ACTION ITEM » From the first line to the last, copy the listing exactly and omit the images.

GIVEN DATA »
┄┄┄┄┄┄┄┄┄┄┄┄┄┄┄┄┄┄┄┄

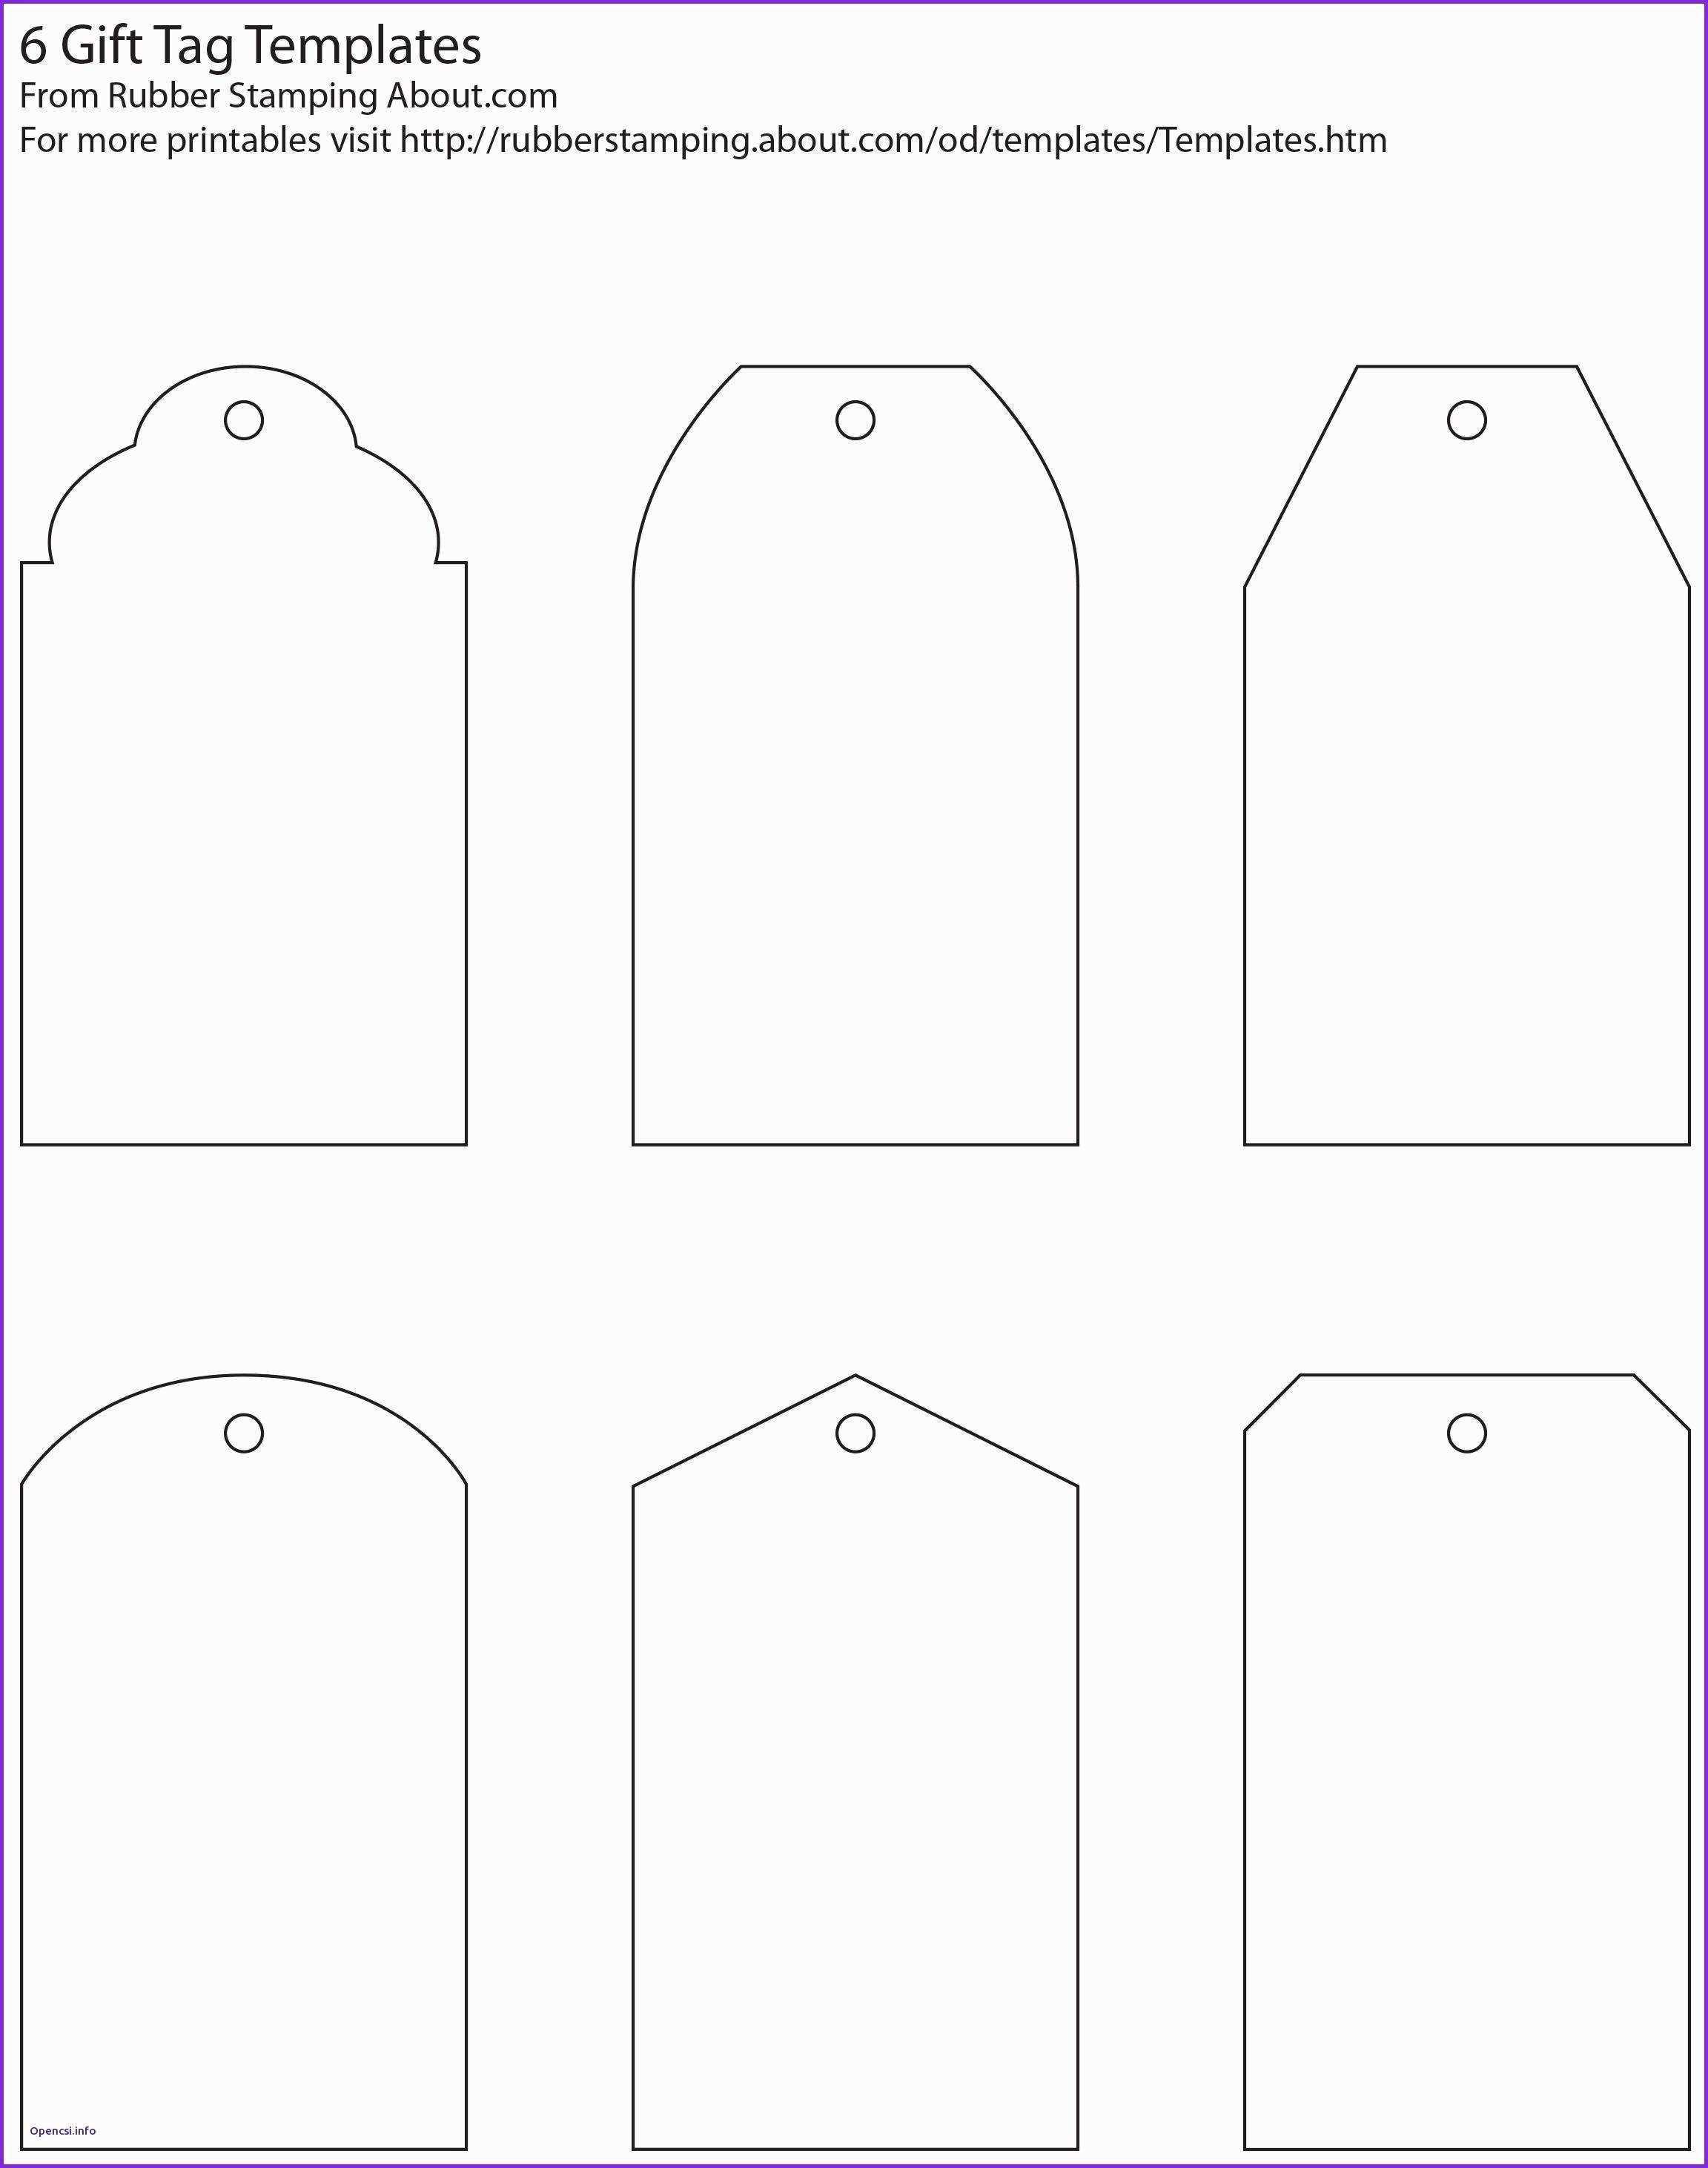 37 Adding Free Printable Quarter Fold Card Template Layouts By Free Printable Quarter Fold Card Template Cards Design Templates
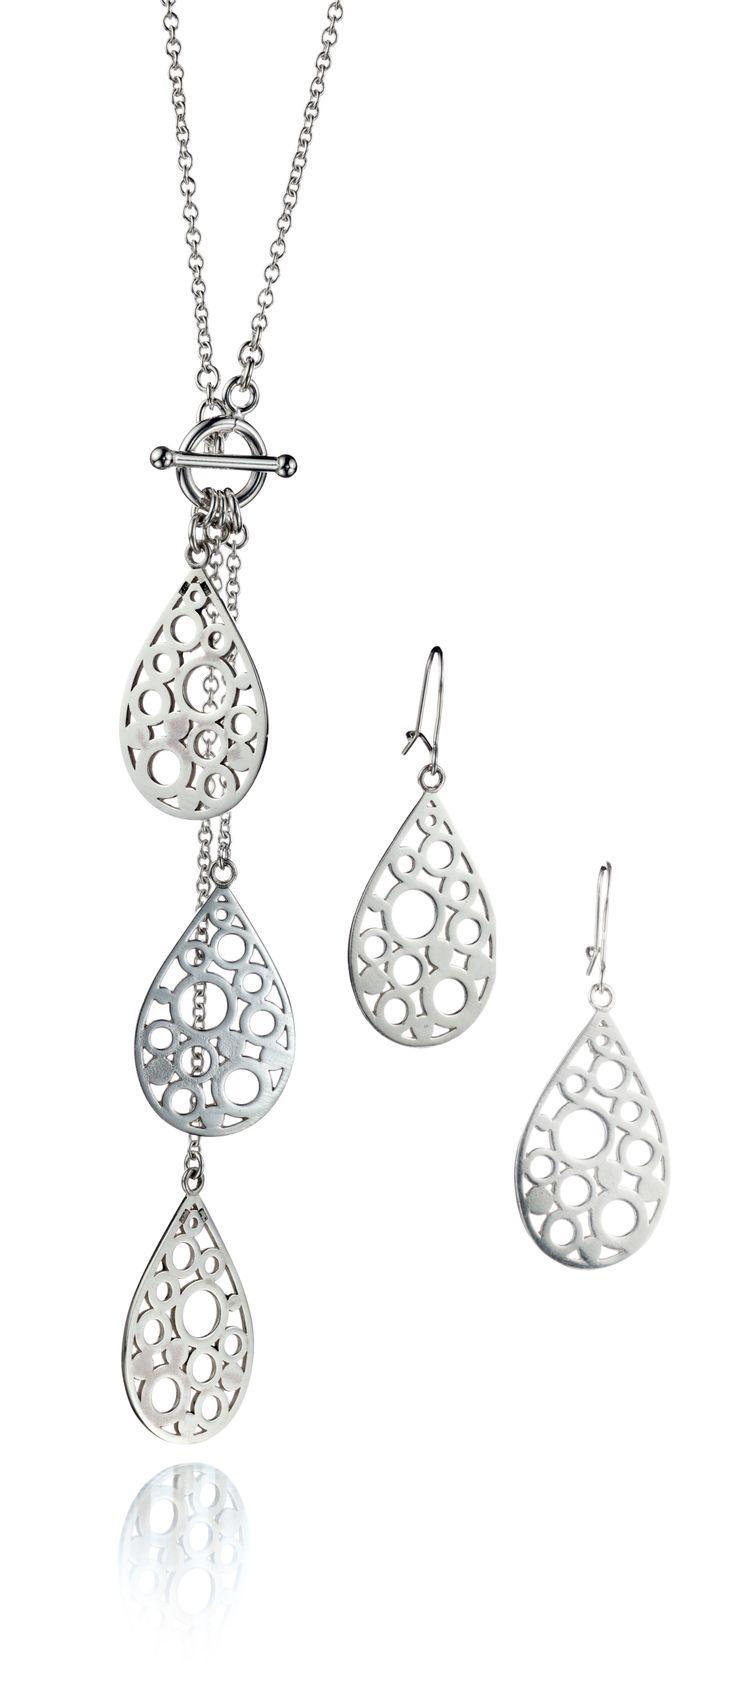 Carina Blomqvist, Sara earrings and necklace, http://www.carinablomqvist.fi/
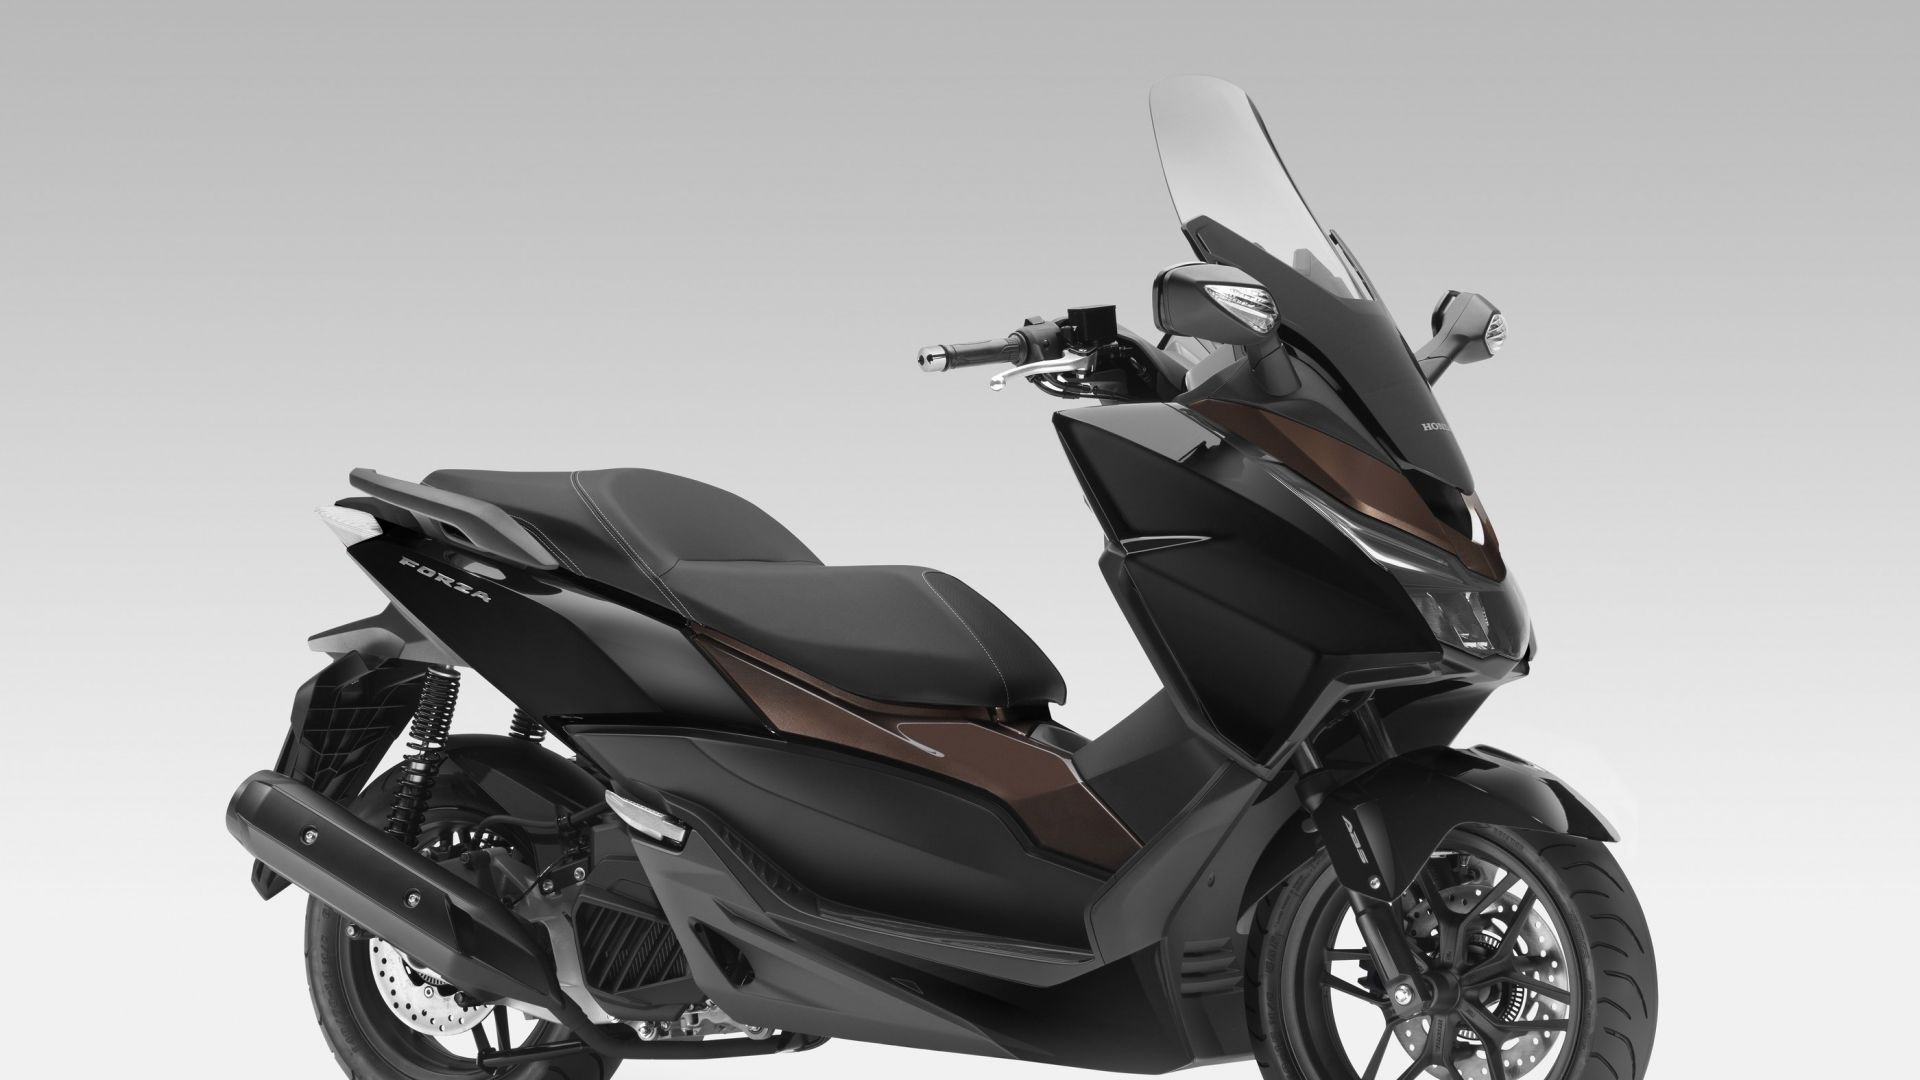 novit scooter honda forza 125 motorbox. Black Bedroom Furniture Sets. Home Design Ideas

┄┄┄┄┄┄┄┄┄┄┄┄┄┄┄┄┄┄┄┄

ANSWER BOX »
 37 Adding Free Printable Quarter Fold Card Template Layouts By Free Printable Quarter Fold Card Template Cards Design Templates
 Carina Blomqvist, Sara earrings and necklace, http://www.carinablomqvist.fi/
 novit scooter honda forza 125 motorbox. Black Bedroom Furniture Sets. Home Design Ideas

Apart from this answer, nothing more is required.